**WORK REQUEST**
Leave the images aside and repeat the whole listing exactly.

**COLLECTED MATERIAL**
-- Opening Marker --
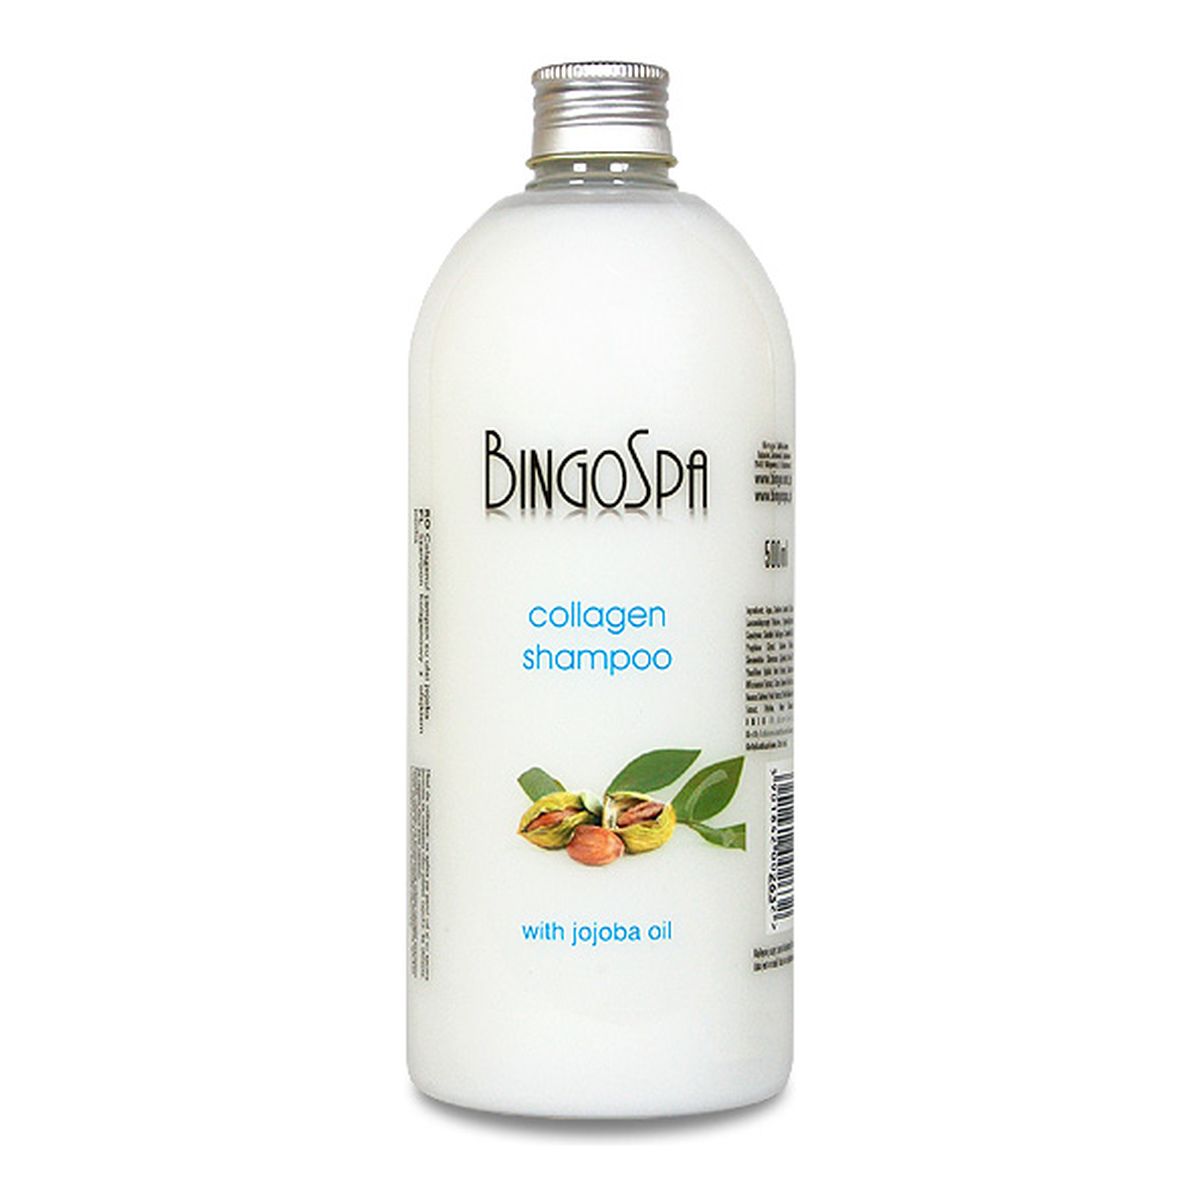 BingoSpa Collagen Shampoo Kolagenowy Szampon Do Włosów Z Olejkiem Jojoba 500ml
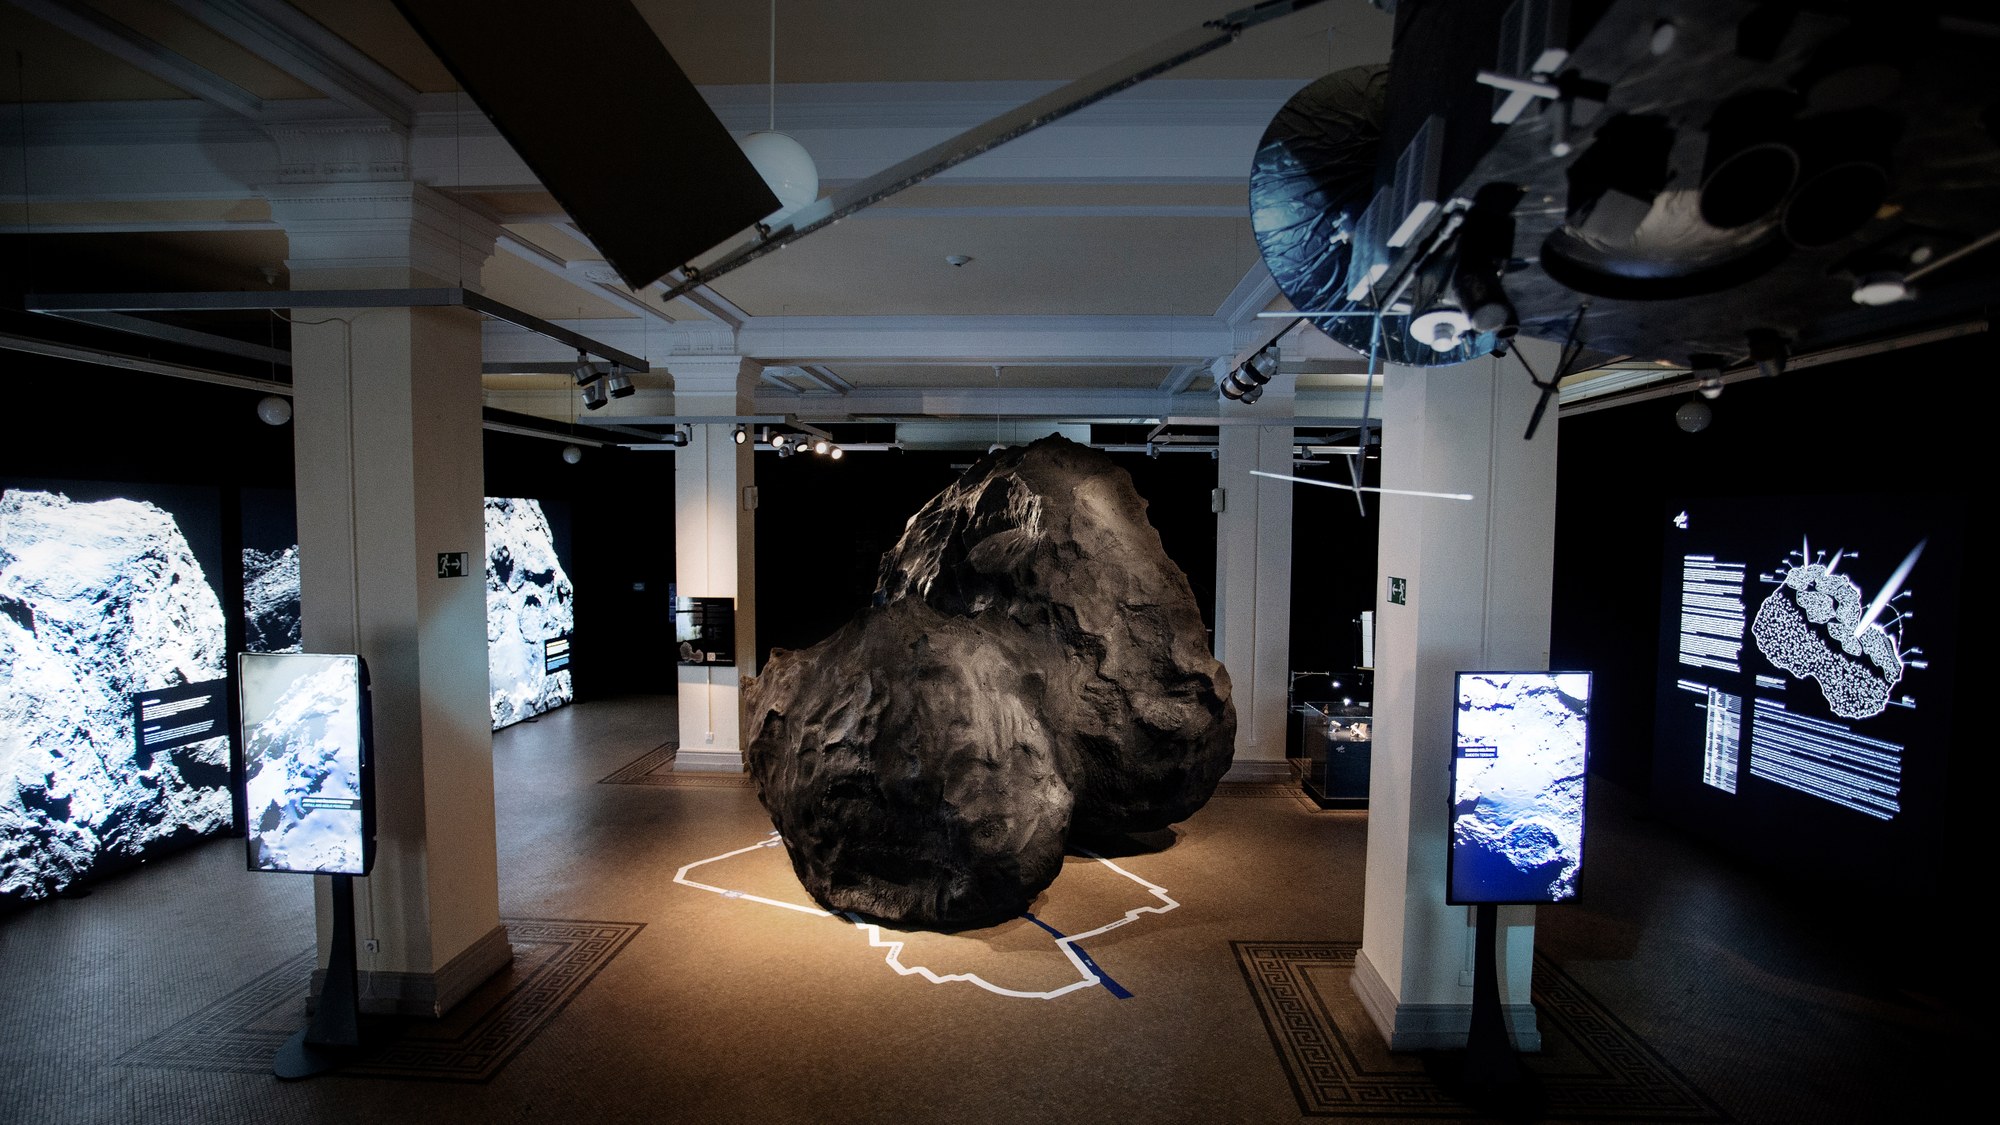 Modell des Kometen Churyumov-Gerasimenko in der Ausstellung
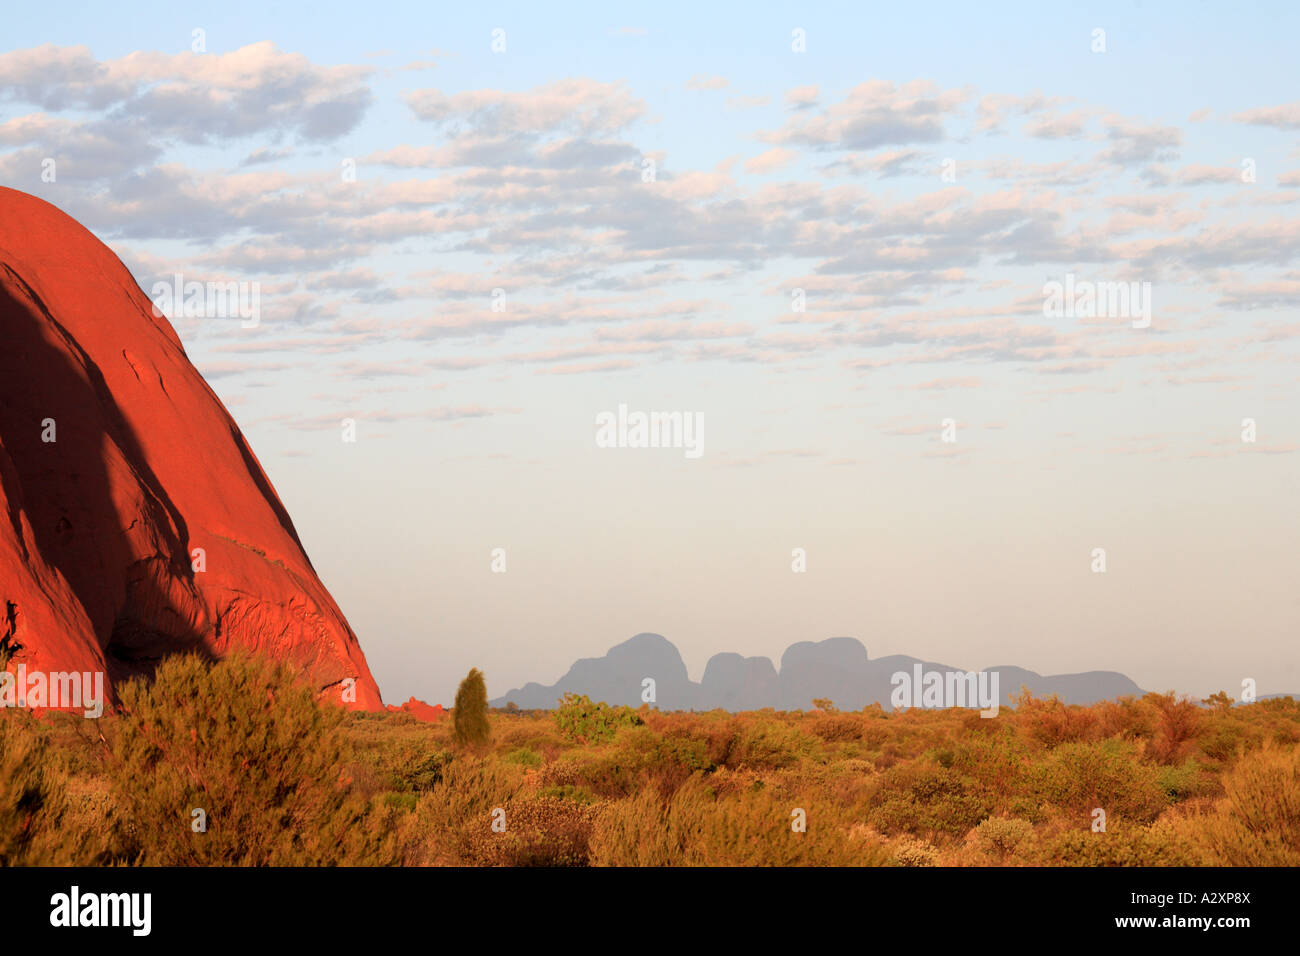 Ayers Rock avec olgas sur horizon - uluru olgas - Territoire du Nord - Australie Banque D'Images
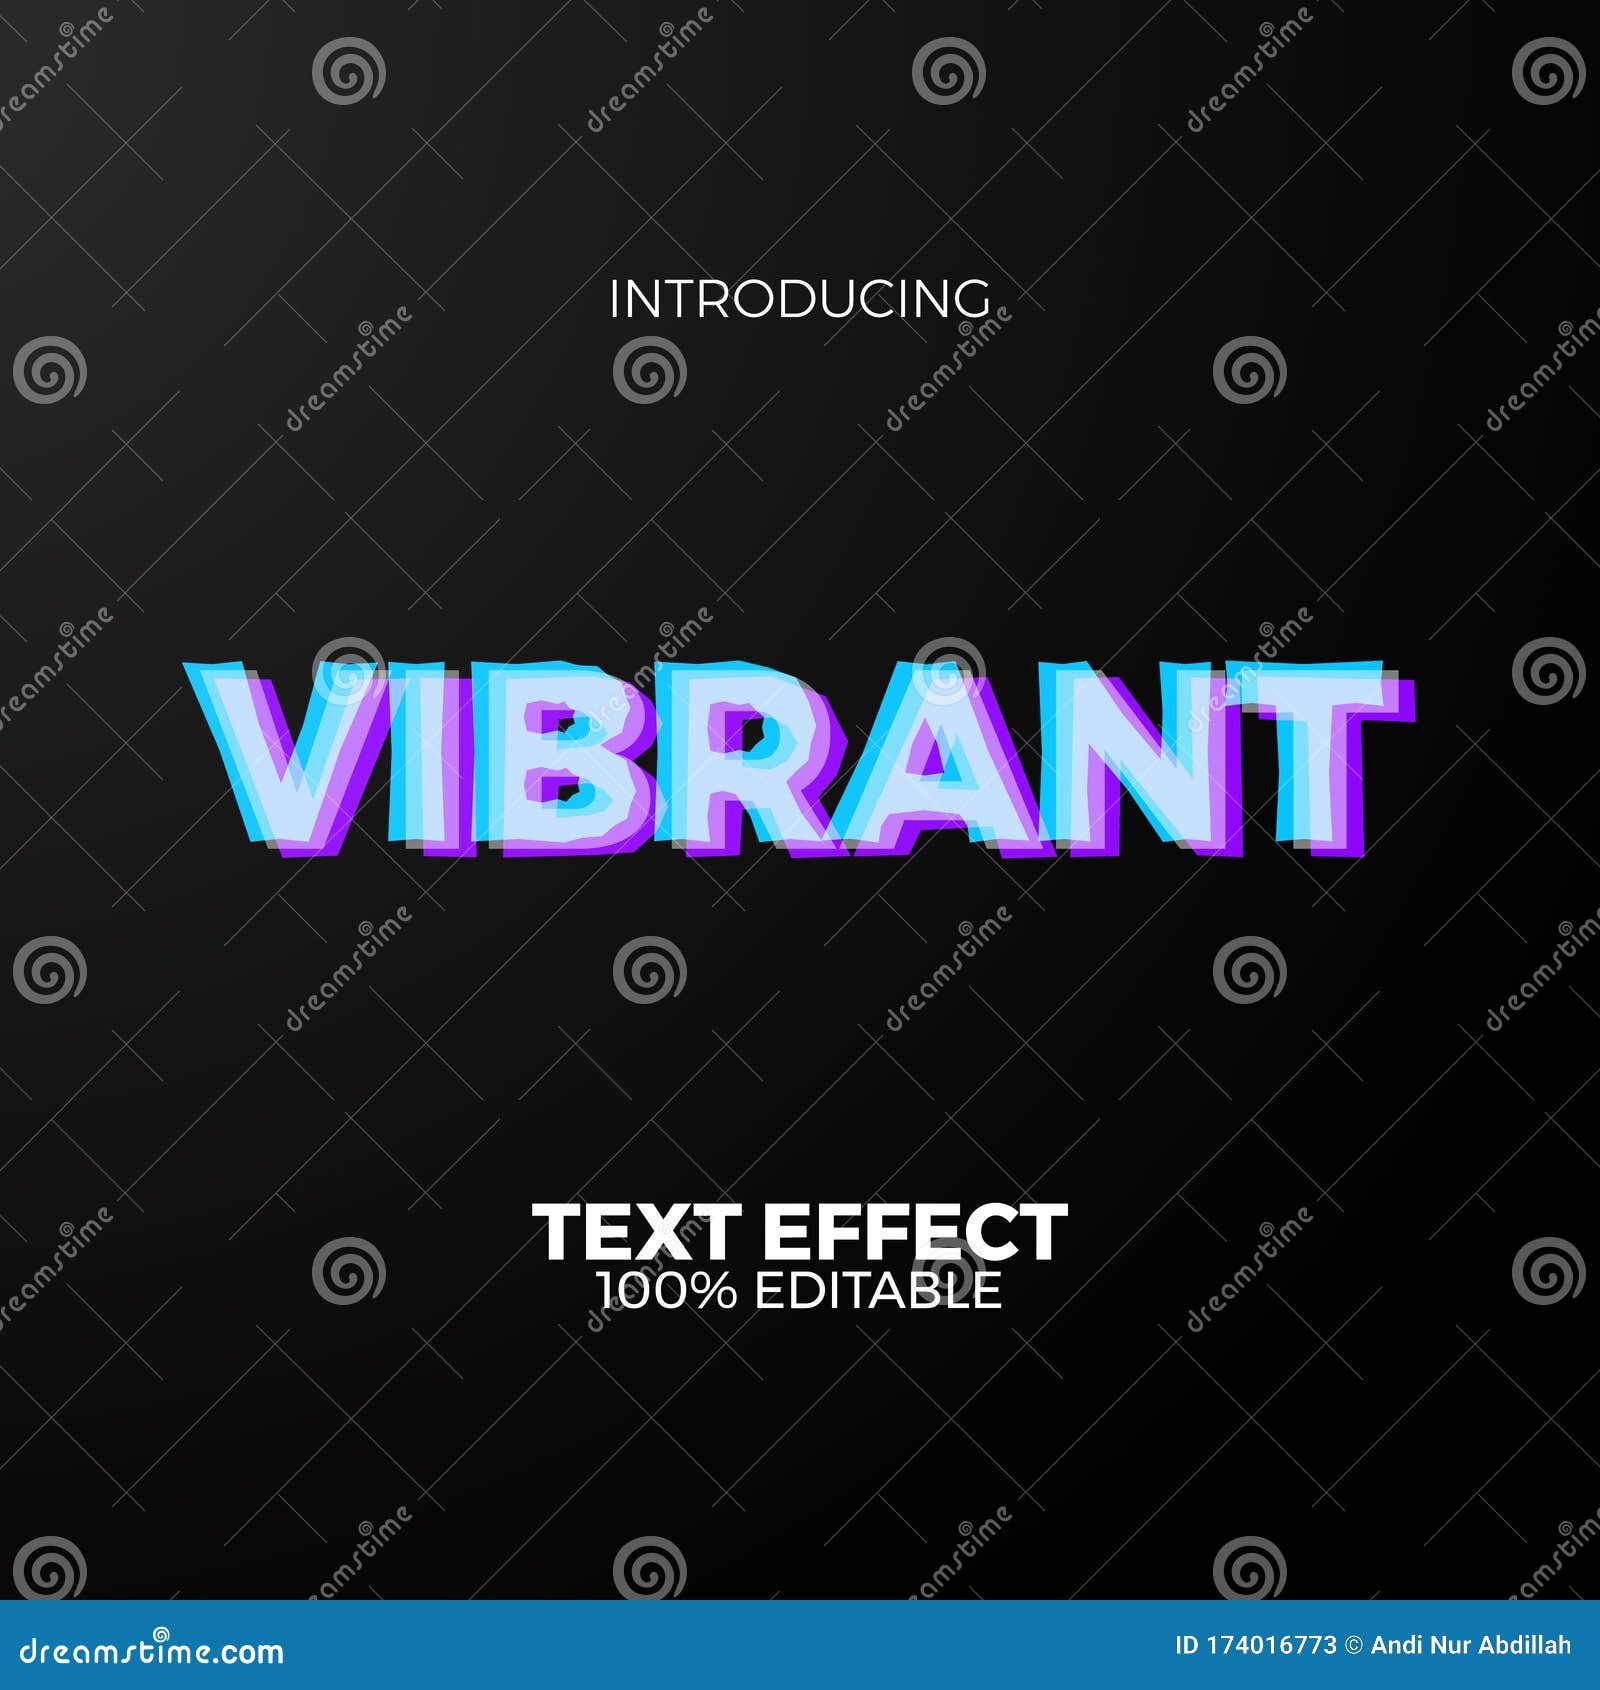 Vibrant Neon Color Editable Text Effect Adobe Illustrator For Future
-- Closing Marker --
**SOLUTION TO THIS PROBLEM**
 BingoSpa Collagen Shampoo Kolagenowy Szampon Do Włosów Z Olejkiem Jojoba 500ml
 Modell des Kometen Churyumov-Gerasimenko in der Ausstellung
 Ayers Rock avec olgas sur horizon - uluru olgas - Territoire du Nord - Australie Banque D'Images
 Vibrant Neon Color Editable Text Effect Adobe Illustrator For Future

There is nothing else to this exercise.